The implication of these scandals on gun rights is self-evident. It is hard to say when acts of tyranny become an irredeemable tyrannical regime, and thus justification for revolution. I still believe we are far from that given the changes we can make with our other freedoms, but we must always have the option. Even with a well-armed citizenry government oversteps, and with the recent callousness by numerous federal agencies the Second Amendment is as relevant as ever.

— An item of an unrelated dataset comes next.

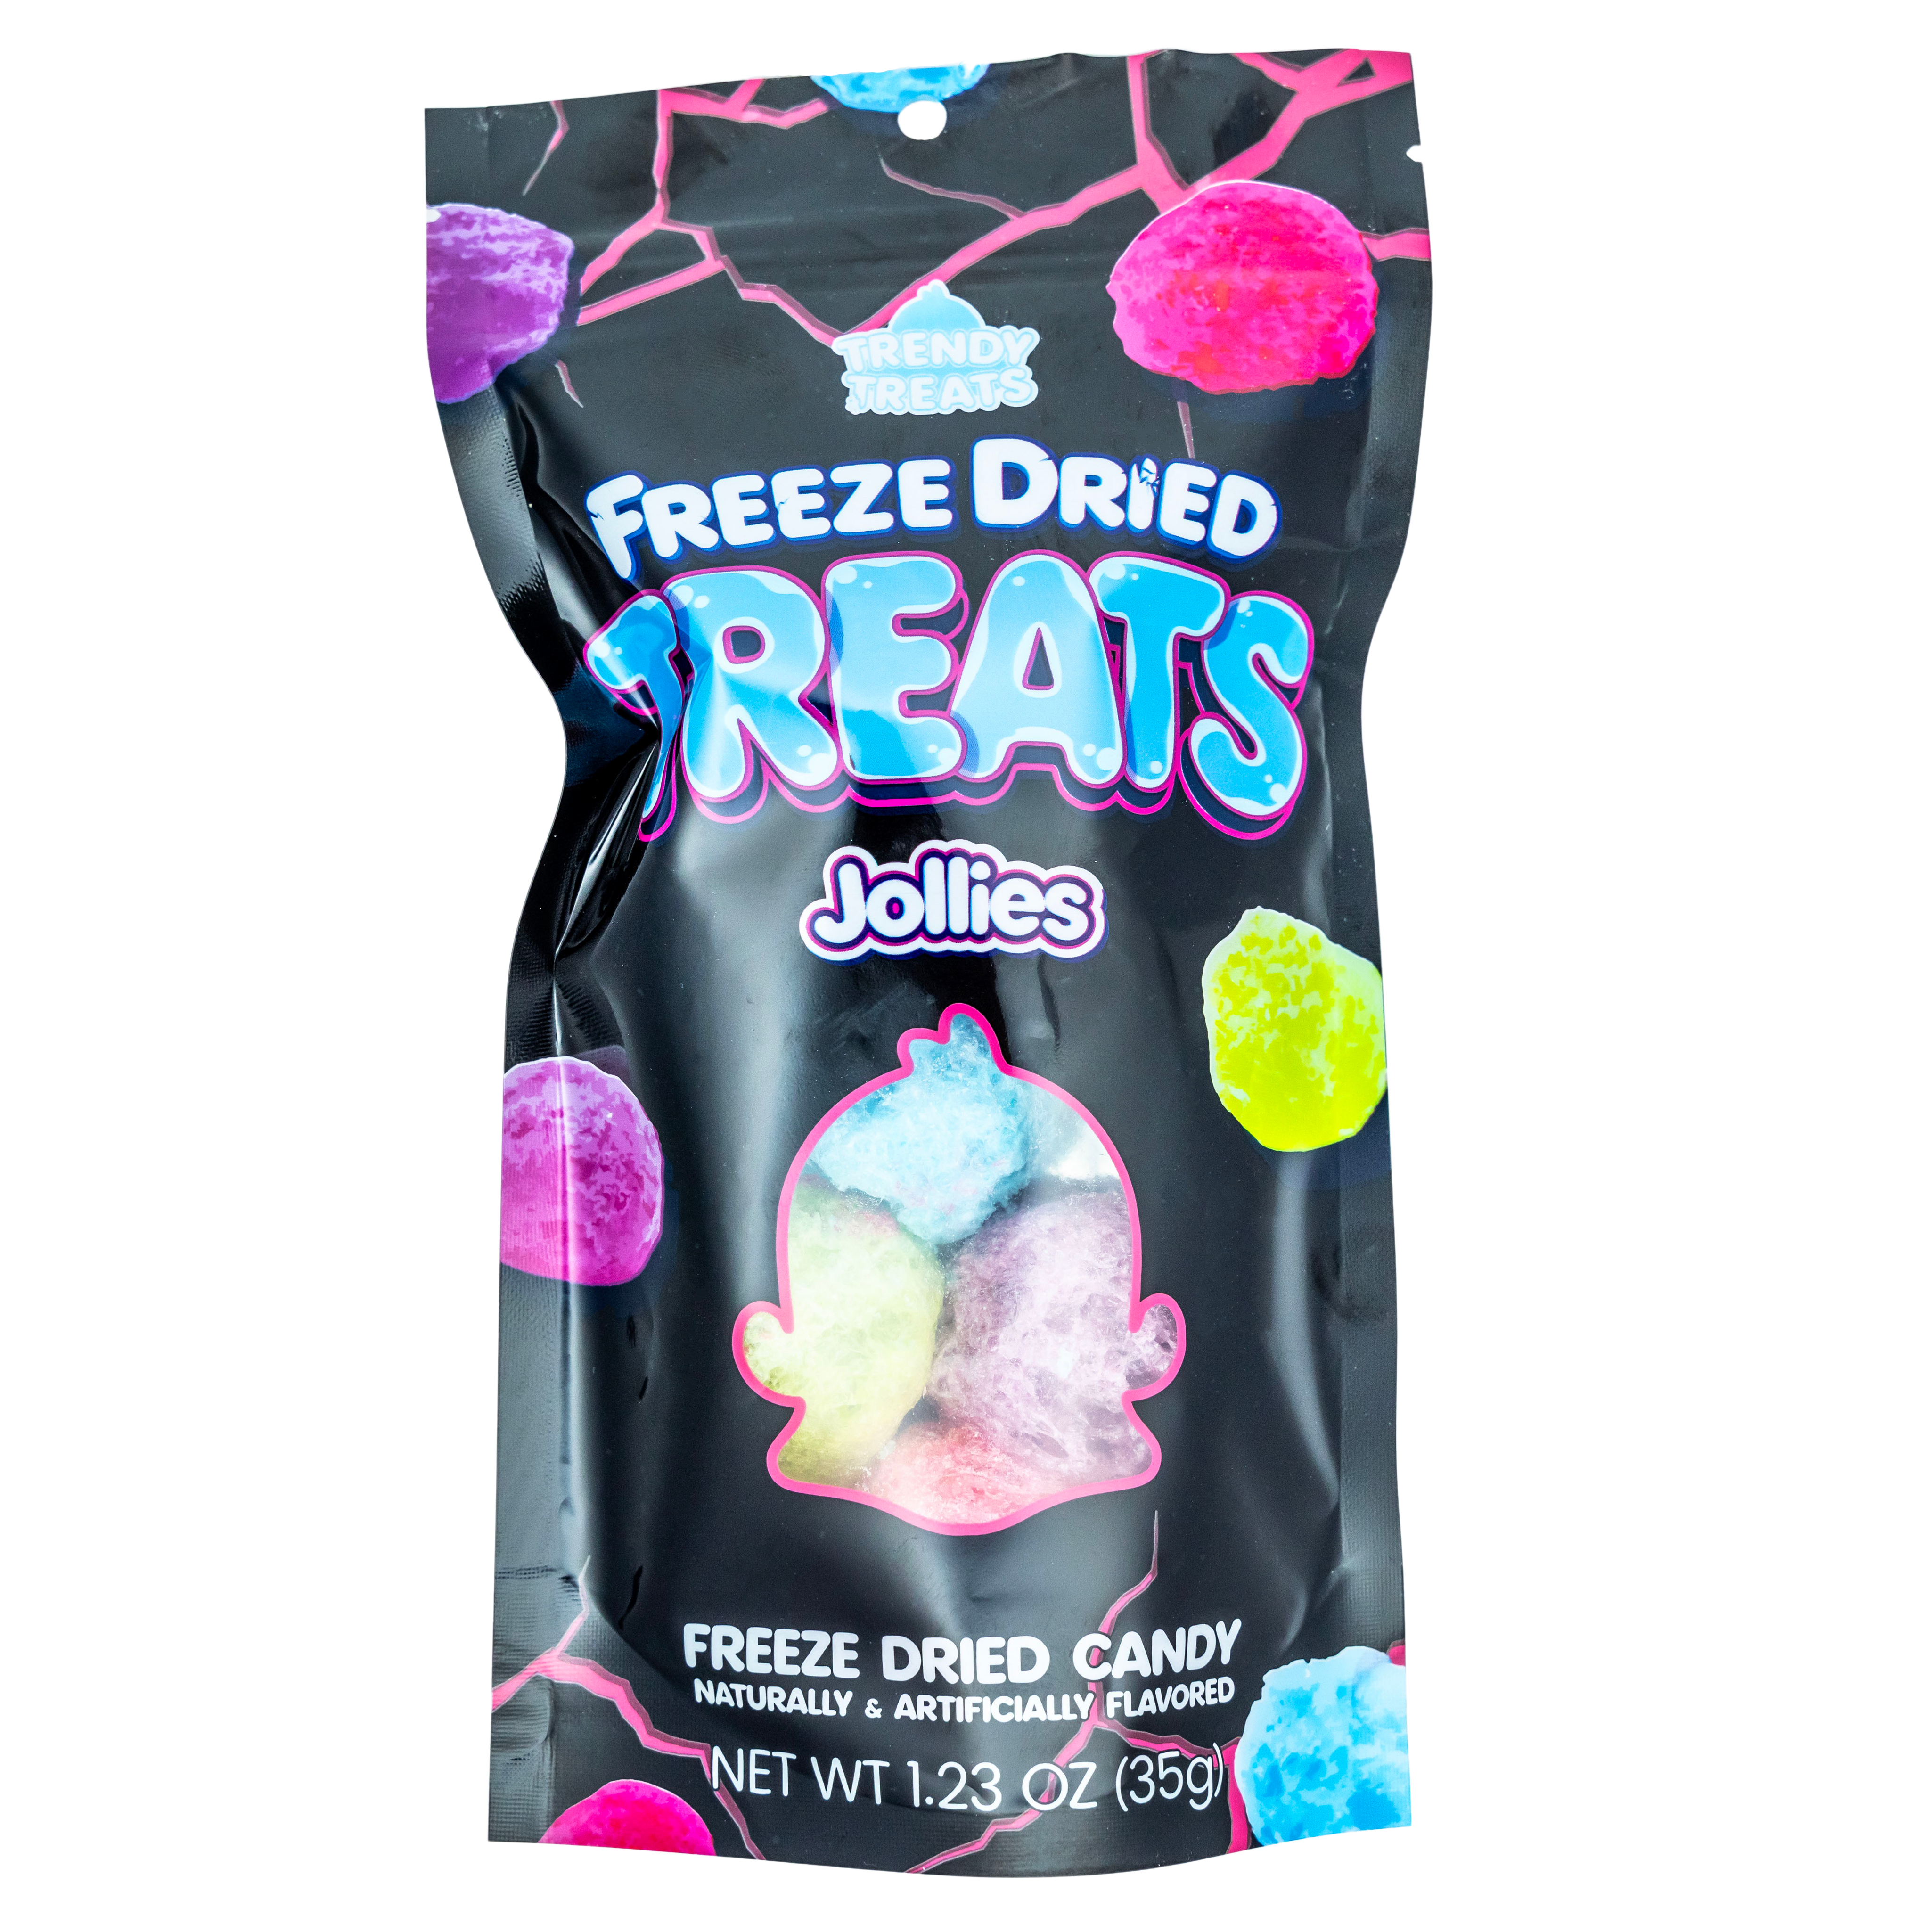 Trendy Treats Freeze Dried Jollies Fruit Flavored Candy
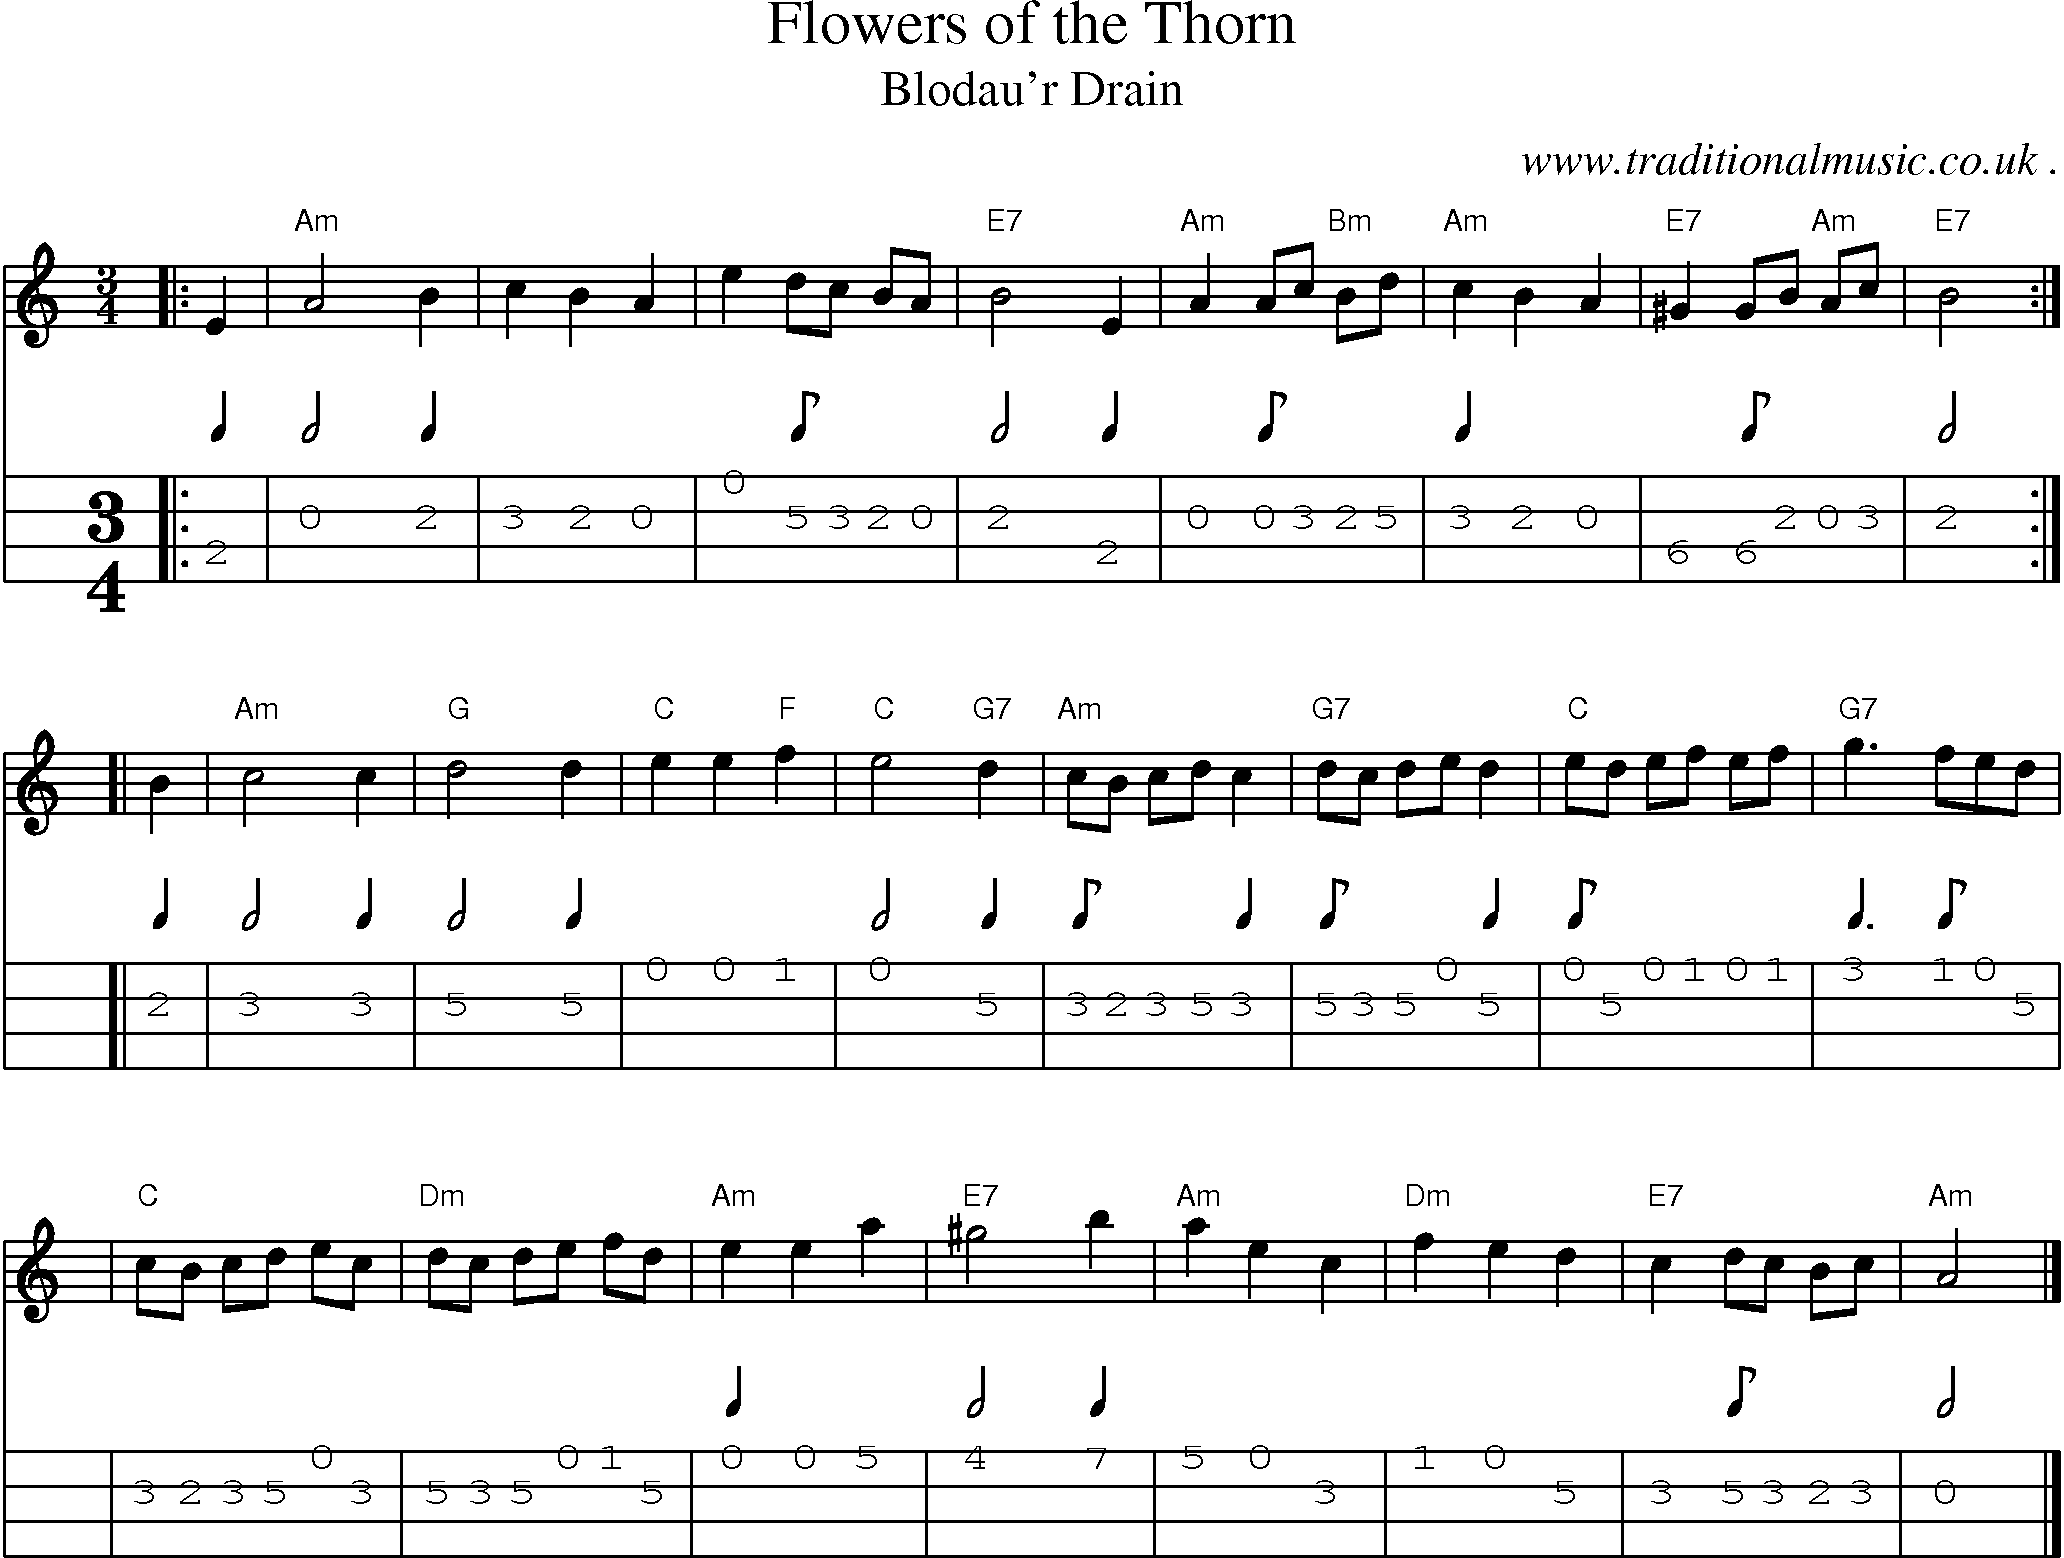 Sheet-music  score, Chords and Mandolin Tabs for Flowers Of The Thorn

None of this is to say that Newtown was not terrifying. But tyranny is far worse, and there are numerous public policies, some proposed right here in Wyoming, that can prevent mass shootings while respecting the right to bear arms. By ignoring recent events in discussions of Newtown and the resulting anti-gun efforts, gun-control advocates reveal a severe case of myopia that thankfully dooms their cause politically if not in principle. Nevertheless, their continuing rhetoric reveals just how far they’re willing to take the fight, and that the enduring principles of the Second Amendment will need enduring advocates.